This project aims to predict airline customer satisfaction levels (Satisfaction, Neutral, or Dissatisfaction) using machine learning techniques. The goal is to help airline companies understand the key factors influencing customer satisfaction and make data-driven decisions to improve their services.
The dataset used in this project contains the following features:
- Gender: Gender of the passengers (Female, Male)
- Customer Type: The customer type (Loyal customer, disloyal customer)
- Age: The actual age of the passengers
- Type of Travel: Purpose of the flight of the passengers (Personal Travel, Business Travel)
- Class: Travel class in the plane of the passengers (Business, Eco, Eco Plus)
- Flight distance: The flight distance of this journey
- Inflight Wi-Fi service: Satisfaction level of the inflight Wi-Fi service (0: Not Applicable; 1-5)

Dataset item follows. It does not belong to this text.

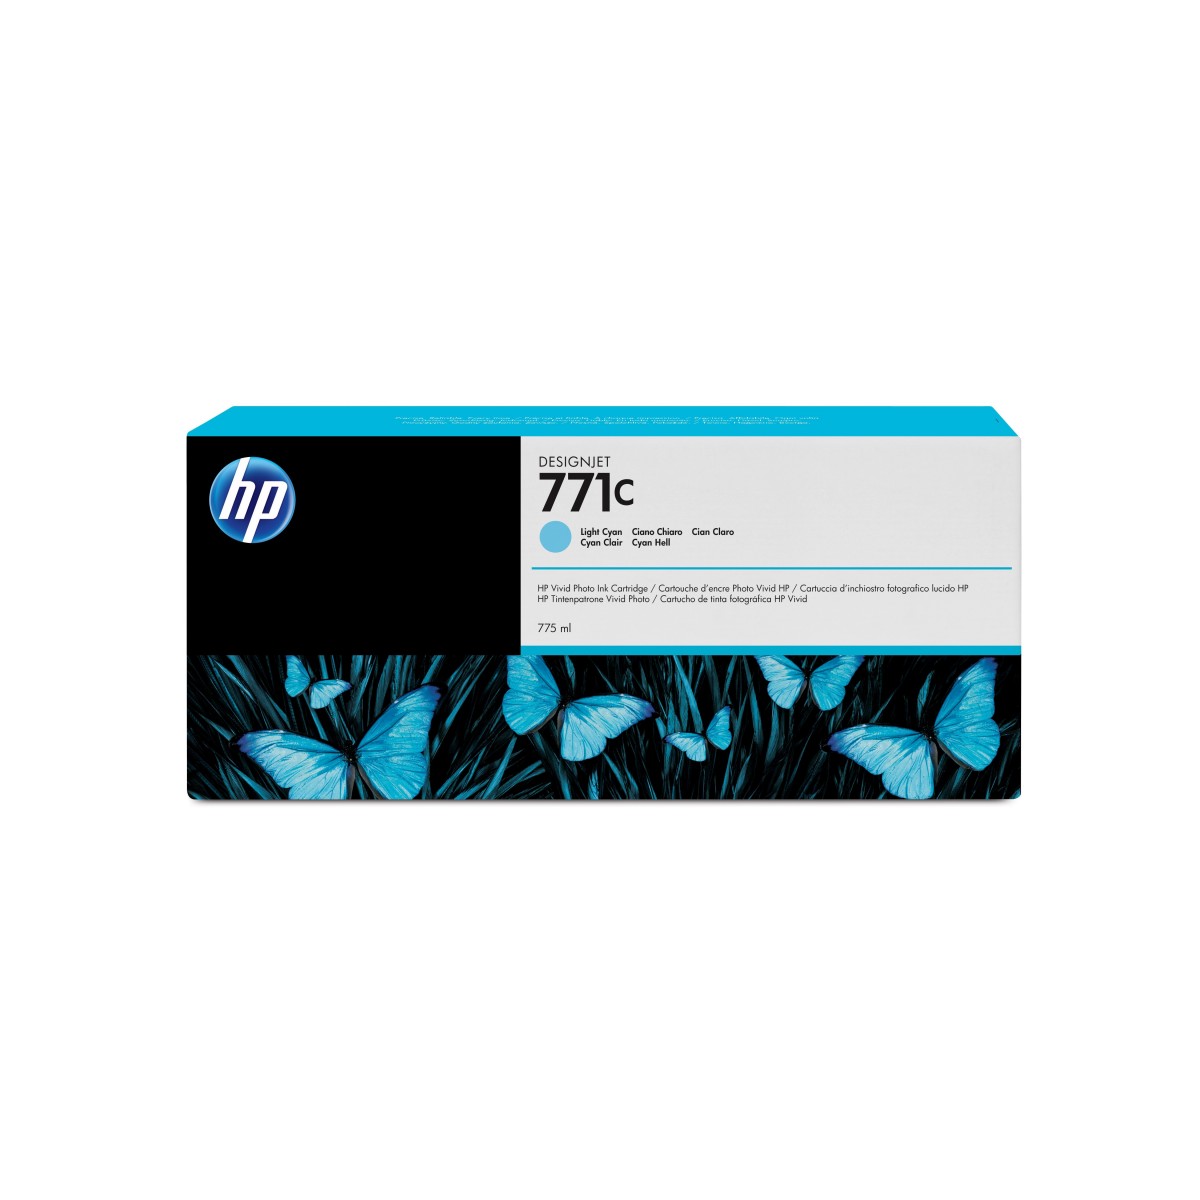 HP DesignJet 771C - Ink Cartridge Original - Light / Photo cyan - 775 ml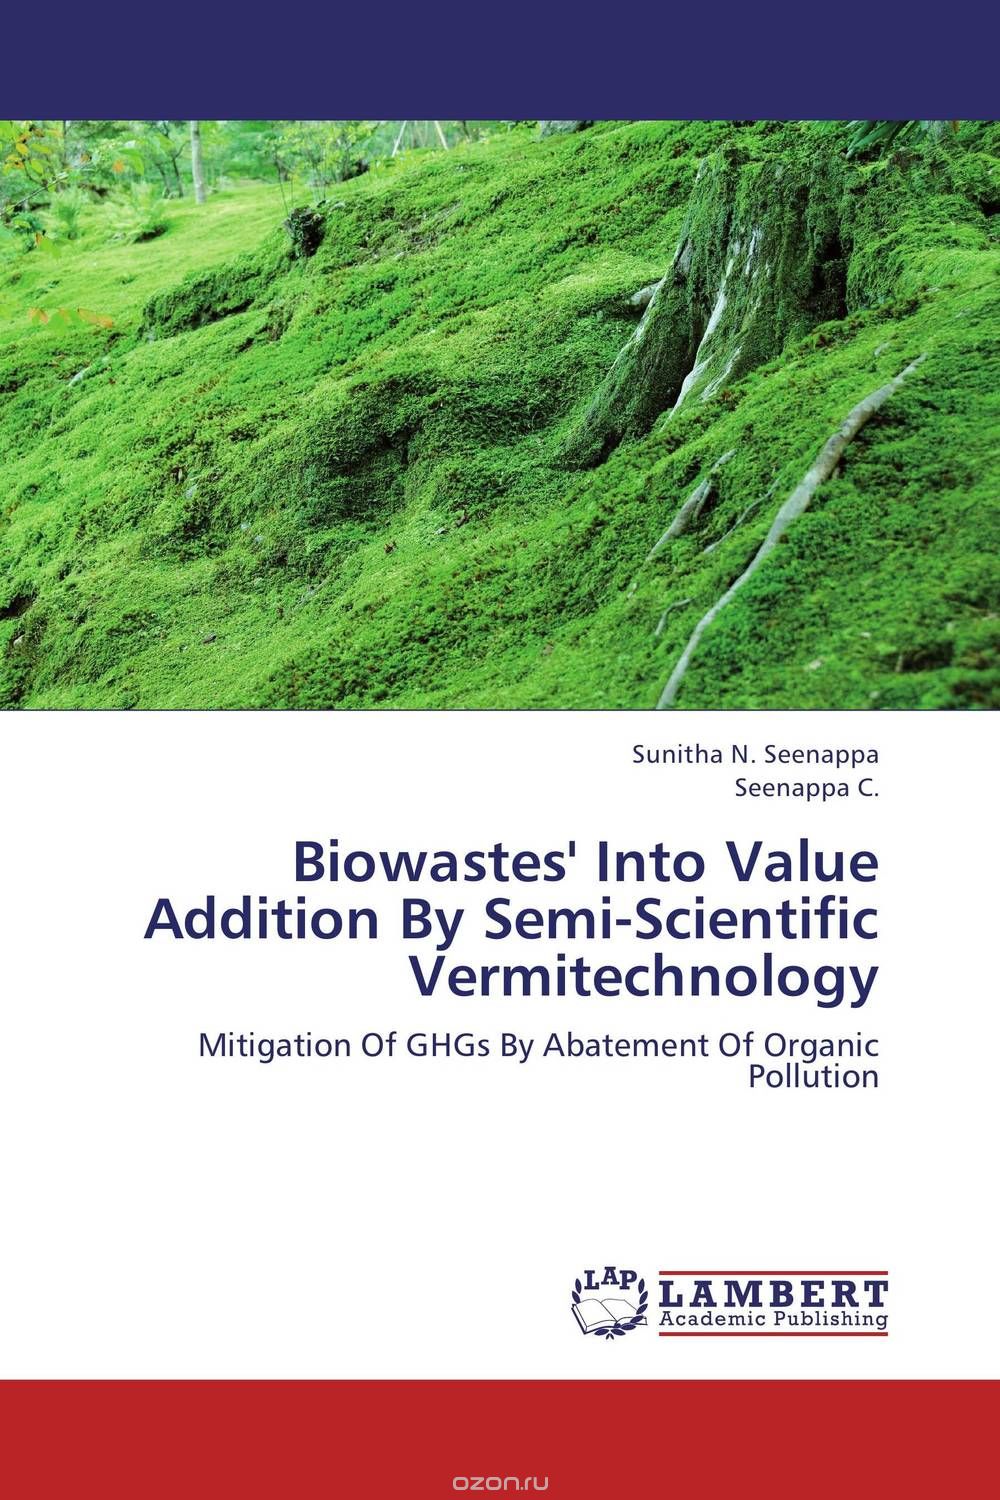 Скачать книгу "Biowastes' Into Value Addition By Semi-Scientific Vermitechnology"

- Departure/Arrival time convenient: Satisfaction level of Departure/Arrival time convenient
- Ease of Online booking: Satisfaction level of online booking
- Gate location: Satisfaction level of Gate location
- Food and drink: Satisfaction level of Food and drink
- Online boarding: Satisfaction level of online boarding
- Seat comfort: Satisfaction level of Seat comfort
- Inflight entertainment: Satisfaction level of inflight entertainment
- On-board service: Satisfaction level of On-board service
- Leg room service: Satisfaction level of Leg room service
- Baggage handling: Satisfaction level of baggage handling
- Check-in service: Satisfaction level of Check-in service
- Inflight service: Satisfaction level of inflight service
- Cleanliness: Satisfaction level of Cleanliness
- Departure Delay in Minutes: Minutes delayed when departure
- Arrival Delay in Minutes: Minutes delayed when Arrival
The target variable is:
- Satisfaction: Airline satisfaction level (Satisfaction, neutral or dissatisfaction)
-
Exploratory Data Analysis (EDA): Perform EDA to understand the data distribution, handle missing values, and visualize the relationships between features and the target variable.
-
Feature Engineering: Create new features or transform existing ones if necessary to improve model performance.
-
Model Selection: Evaluate different machine learning models, such as Logistic Regression, Random Forest, and Gradient Boosting, to find the best-performing model for the task.
-
Model Training and Evaluation: Split the data into training and testing sets, train the selected model(s) on the training data, and evaluate their performance on the testing data using appropriate evaluation metrics.
-
Model Interpretation: Interpret the trained model to understand the importance of different features and their impact on customer satisfaction.
-
Deployment: Deploy the best-performing model as a web application or API for real-time prediction of customer satisfaction levels.
- Python 3.x
- Pandas
- NumPy
- Scikit-learn
- Matplotlib
- Seaborn
- Clone the repository:
git clone git@github.com:dzully/machine-learning-mid-term-test.git - Install the required packages:
pip install -r requirements.txt - Run the Jupyter Notebook or Python script to train the models and make predictions.
Contributions are welcome! If you find any issues or have suggestions for improvements, please open an issue or submit a pull request.
This project is licensed under the MIT License.